# blues, depression and codependency ?



## Luther (Mar 7, 2013)

Just woke up, go to work at 9am, yup retired but still work, more now than before it would seem. thought that I would check here see what if any replies there were, none. So guess that leaves me with me, not really different I guess.

When I left went to Omaha, talked to her there more than in the last 15yrs every morning every afternoon. could set my watch by it. Always saying she missed me or needing something. I helped a lot with things when asked. had a one room share the bath place. Even got cell phones for her and daughter, still do have for all this time. finally she wanted me to come home, turns out her little buddies dumped her.

So moved back got my stuff out of storage, went back arrived in the afternoon, next morning we were on the deck talking and i really thought that she was changing. Then my daughter still living there went postal on her for talking without her and pretty much shot down anything that was there, the following day I moved again, daughter didn't want me there. but stayed closer as requested by wife 30 miles away so she could see me. she helped move me in then i saw her one more time then nothing, so after 6 months back to Omaha.


Finally after all the yrs she wanted me to come back again said she wanted to start over take it a day at a time i said ok was not excited but always try. came back stayed with daughter for six months to help them out, wife wanted me to and i don't mind helping the kids. she said after that to move back then. so i did and i did get to sleep in the bed for a couple of months over Christmas. thinking things were ok i started doing thing again and trying to start over.

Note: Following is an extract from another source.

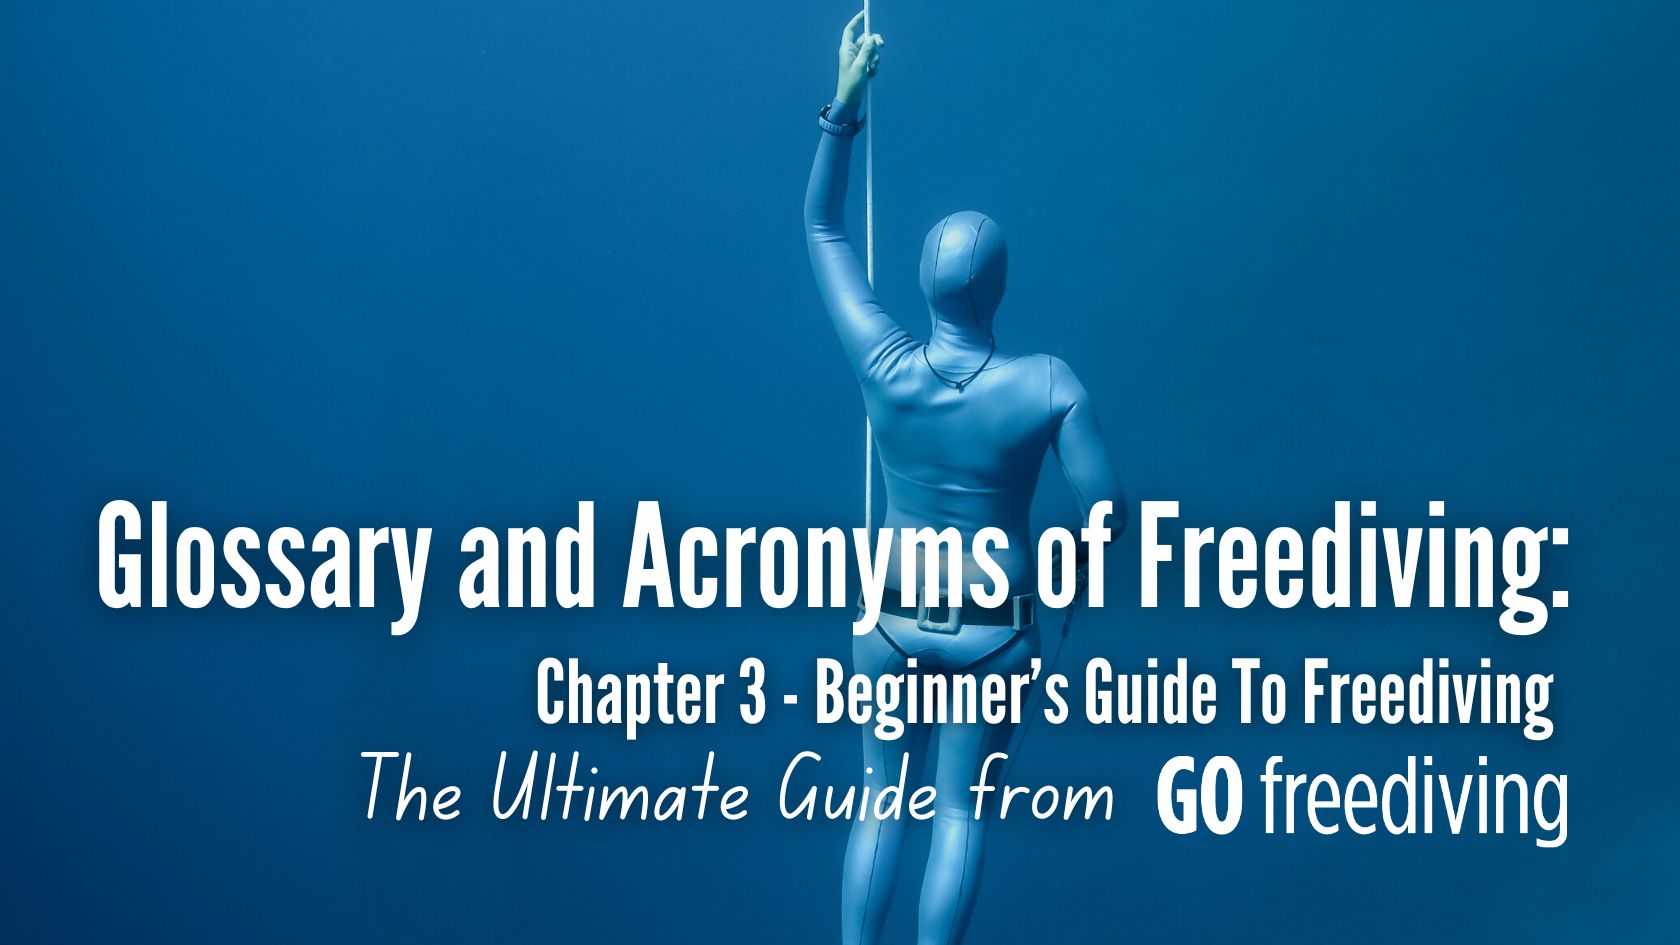 Glossary and Acronyms of Freediving

Then one day after being kicked to the couch for a while I asked her about the starting over, her reply was " I never said that all I said was room mates, thought it would be cheaper for you to live here" for me? cheaper for her maybe with me paying stuff and keepin me broke again so i stayed an slept on the couch till the house came up in November, then i left again. 


feel like i am just being used nothing more, but it has taken a toll on me mentally and physically and i am lost. anyway i will take my leave now and go about my business as i think that others here maybe have more issues than myself, and feel alone here as well. don't know why so many read an no one answered but that's ok i am use to it. my destiny as it were.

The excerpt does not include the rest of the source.